# SolusVM WHMCS Module from ModulesGarden



## SkylarM (Jun 4, 2013)

So I JUST got access to this from ModulesGarden. Still somewhat incomplete, and I don't have access (yet) to the Reseller or the Cloud Module portion of this (that should be later in the week hopefully), but here's what we have so far.

You can manage everything VPS wise that you can in SolusVM via this module. Only downside is it didn't include PowerDNS, but a separate module for that fixes that right up.

These guys really thought it all out so far. It even includes appropriate support for KVM/Xen with ISO Mount/Unmount and boot priorities -- Unfortunately I don't have a KVM node to test this with yet, but the functionality appears to be there.

My understanding of the "Cloud" module is that it should function similarly to that of Hostbill's "CLOUD" function -- IE you can make multiple VPS as long as you remain within your limits of the package amounts (ram, bandwidth, ip, disk), scale, re-size, upgrade/downgrade, etc with ease.

*This is still in beta, but if any client wishes to get access to this for their service, they can open a ticket and we can put your VPS on the panel.* We'd also like to find a tester or two to play with it on the client side of things and report back any bugs they may find so we can relay this to the ModulesGarden dev team.

Without further ado, here's the screenshots!

Main Package Area: http://i.imgur.com/XEoe3XU.png

Client Area "Manager": http://i.imgur.com/KIdfAoH.png

A closer look to the top: http://i.imgur.com/BzLd0Gf.png

Just Graphs: http://i.imgur.com/JdMo1J6.png

Rebuilding: http://i.imgur.com/F84B5Kb.png

Rebooted message: http://i.imgur.com/E04gkxD.png

Console: http://i.imgur.com/FlPATmq.png

Primary Admin Area: http://i.imgur.com/V0AwGNY.png

Status and Graphs: http://i.imgur.com/0BHudnd.png

Module Options: http://i.imgur.com/WcjNNd1.png


----------



## Reece-DM (Jun 4, 2013)

Looks nice I may give it a shot if i get a chance again with WHMCS.


----------



## mikho (Jun 4, 2013)

Very nice!


Sorry if this may sound stupid but is this a module which controls solusvm or a replacement?


----------



## Ivan (Jun 4, 2013)

mikho said:


> Very nice!
> 
> 
> Sorry if this may sound stupid but is this a module which controls solusvm or a replacement?


It controls SolusVM.


----------



## turfhosting (Jun 5, 2013)

Looks nice.
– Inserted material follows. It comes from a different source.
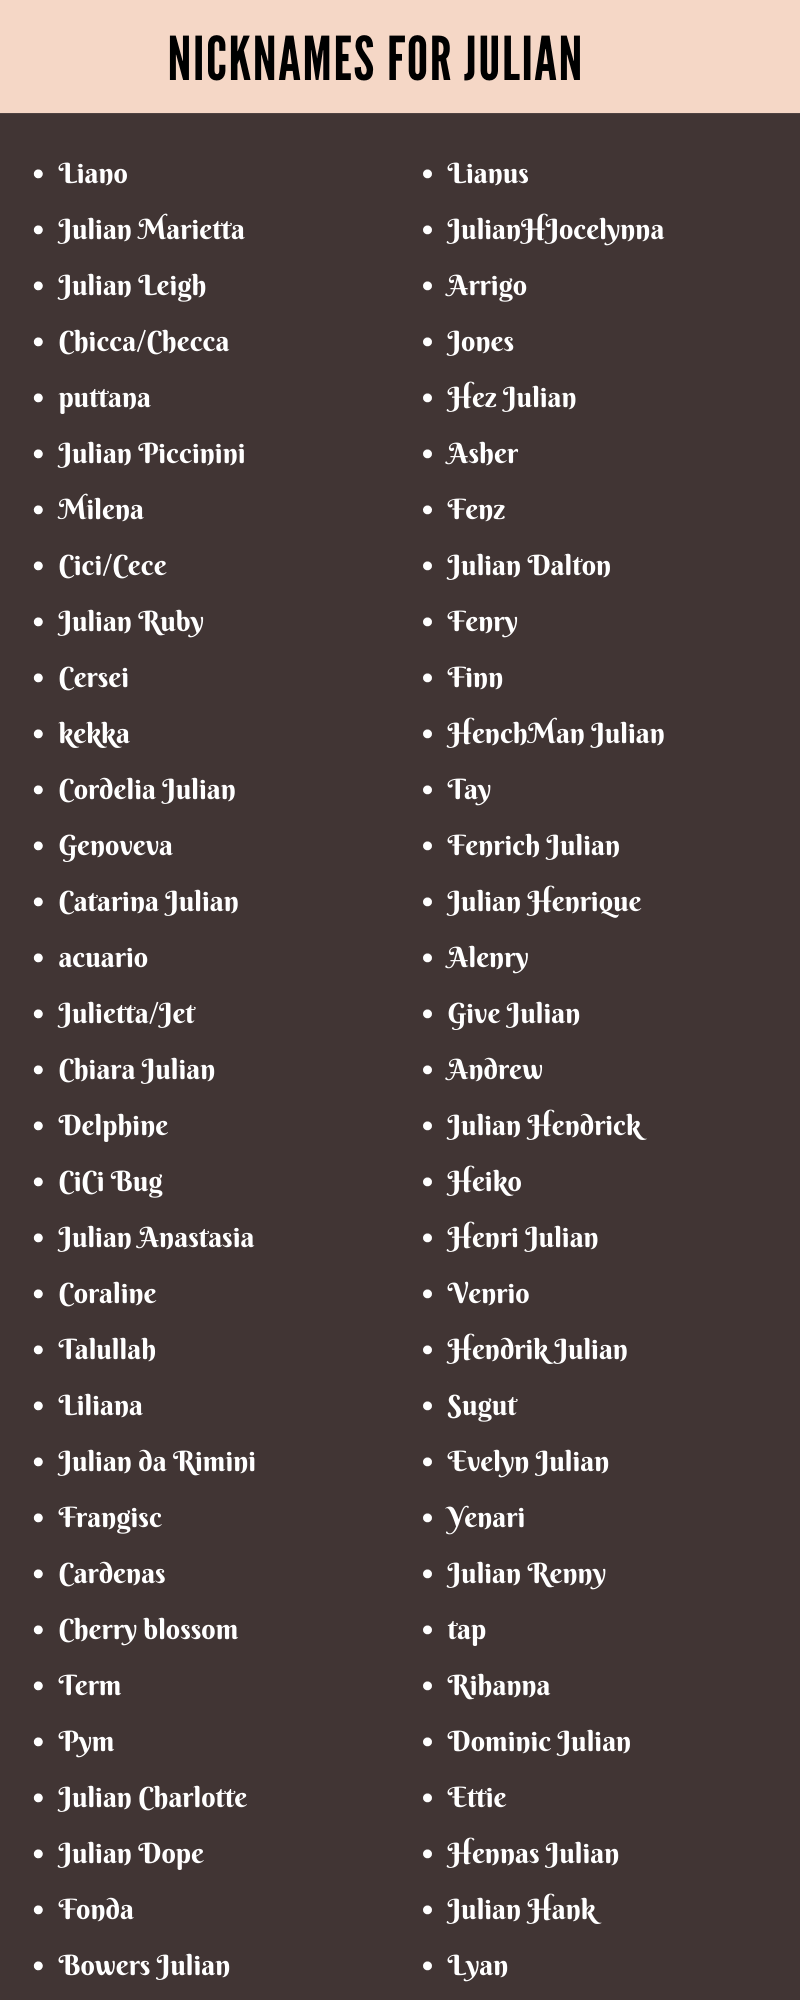 Nicknames for Julian

I think WHMCS will probably ended up doing this and that work will be wasted -.-


----------



## SkylarM (Jun 5, 2013)

turfhosting said:


> Looks nice. I think WHMCS will probably ended up doing this and that work will be wasted -.-


Why would WHMCS do it? If they wanted to, they would have done it by now -- but Solus already have a working free module. The ModulesGarden module is basically the non crappy version that actually works and has a lot more features -- not to mention the other goodies they are including in the Cloud/Reseller packages AND they are going to include advanced billing, so we can bill by the hour if we want


----------



## SkylarM (Jun 8, 2013)

Brief update to this, more shots of it fully integrated into our existing theme:

Wanted to update this with a few more pictures

Information: https://crissic.net/ModulesGarden/Information.png
Manage VPS: https://crissic.net/ModulesGarden/Manage.png
Product Page: https://crissic.net/ModulesGarden/Product Page.png
Rebuild: https://crissic.net/ModulesGarden/Rebuild.png

Unfortunately Console still doesn't work as I have my Solus install on a non standard port, and ModulesGarden hasn't provided an option to specify ports or specific forced URLs instead of the IP yet (but I am told it is coming soon).


----------



## Nick_A (Jun 21, 2013)

Seems that VNC is not an option for KVM on the client side? Only shows Console which AFAIK is useless. Let me know if I am derping here.


----------



## XFS_Duke (Jun 21, 2013)

Just to point out, SolusVM is working on a module themselves and should be released soon. I can't give a definate timetable as they're still building it, but... It should be free... Customers should be able to control all aspects of their VPS right from WHMCS. Not 100% sure if they're working on a HostBill module or not, but I was told they are working on the WHMCS one. With all the stuff going on with them right now it pushed back the deployment time...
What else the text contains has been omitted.